重要ポイント:
- ClearstreamはXRP、ADA、SOL、LTC、XLM、AVAXをカストディ対象に追加
- 今回の拡大は、Crypto Financeを通じたBTCおよびETHカストディの2025年開始に続くもの
- MiCA準拠の暗号資産サービスは欧州で機関投資家需要が高まりを見せている
重要ポイント:

ドイツ取引所グループ(Deutsche Börse Group)のポストトレード部門であるClearstreamは、暗号資産カストディ事業を拡大し、XRP、カルダノ、ソラナ、ライトコイン、ステラ、アバランチの6トークンを規制対象プラットフォームに追加した。

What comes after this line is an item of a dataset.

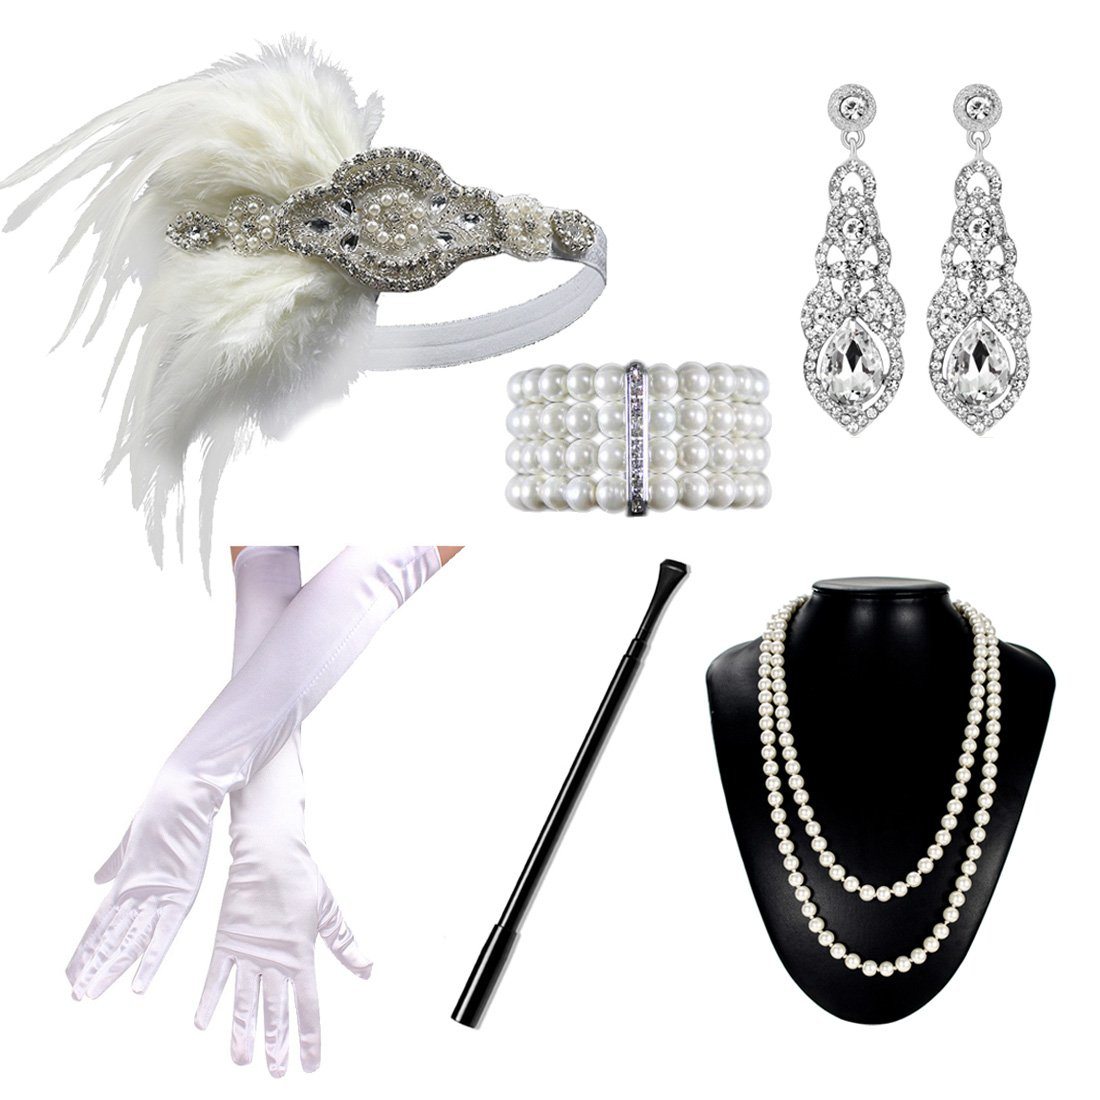 Roaring Twenties Jewelry and Accessories Set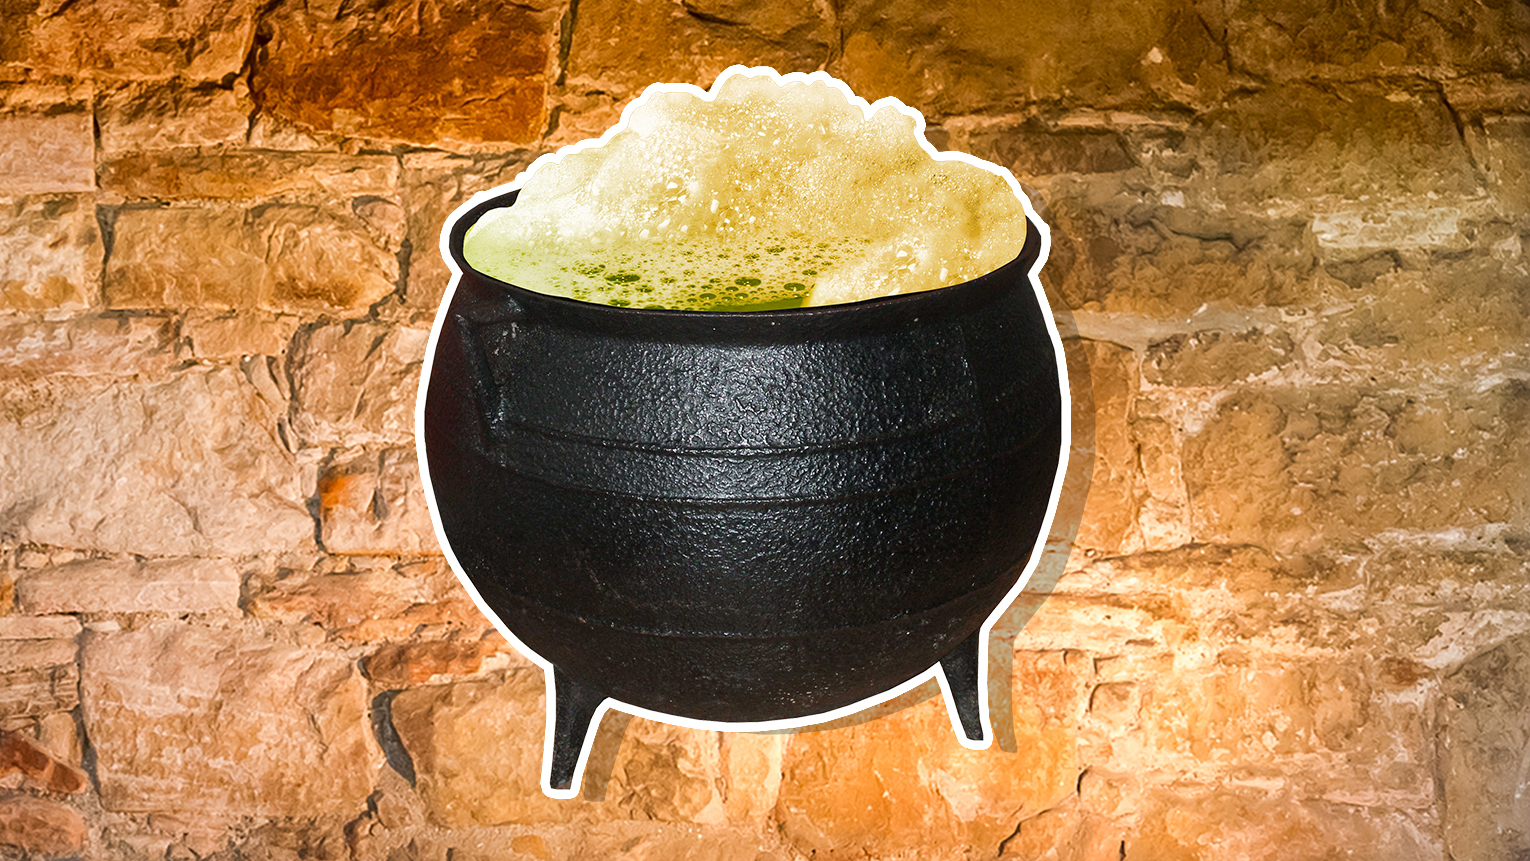 A cauldron

「今回の展開は、確立された信頼性の高いカストディインフラにおける暗号資産統合の分野で、顧客の選択肢をさらに広げ、伝統的金融と暗号資産の世界とのギャップを埋めるものである」とClearstreamは声明で述べた。
新たに追加されたトークンは、Clearstreamが2025年4月に完全規制対象の暗号資産カストディサービスを開始して以来サポートされてきたビットコインおよびイーサに加わるものだ。このサービスは、同じくドイツ取引所グループ内でMiCAR規制対象事業体であるCrypto Financeをサブカストディアンとして活用する。ClearstreamのICSD顧客は、ルクセンブルクにあるClearstream Banking S.A.の既存口座を通じて当該サービスを利用できる。
今回の拡大は、欧州連合の「暗号資産市場(MiCA)」枠組みが本格施行される中、Clearstreamが「機関投資家向け金融におけるMiCA準拠暗号資産の重要性の高まり」と呼ぶ動きに対応したものである。XRPの発行元であるRippleは先週、ルクセンブルクで完全なMiCAライセンスを取得し、欧州経済領域全体での決済事業を強化している。
Clearstreamは世界最大級の決済・カストディ企業であり、60以上の市場にインフラを提供している。同社の暗号資産分野への最初の参入は2025年初頭に遡り、ドイツ取引所グループが機関投資家向けのカストディおよび決済サービスを発表。Crypto FinanceのMiCARライセンスを活用し、欧州全域での規制順守を確保した。
今回の6トークン追加は、ビットコインやイーサを超えた規制対象デジタル資産エクスポージャーに対する機関投資家の需要拡大を示している。XRPに特化したスポットETFには、過去8週間で14億9000万ドルの資金流入があったとの報道もあり、MiCA準拠の暗号資産商品への需要が高まっている。
本記事は情報提供のみを目的としており、投資助言を構成するものではない。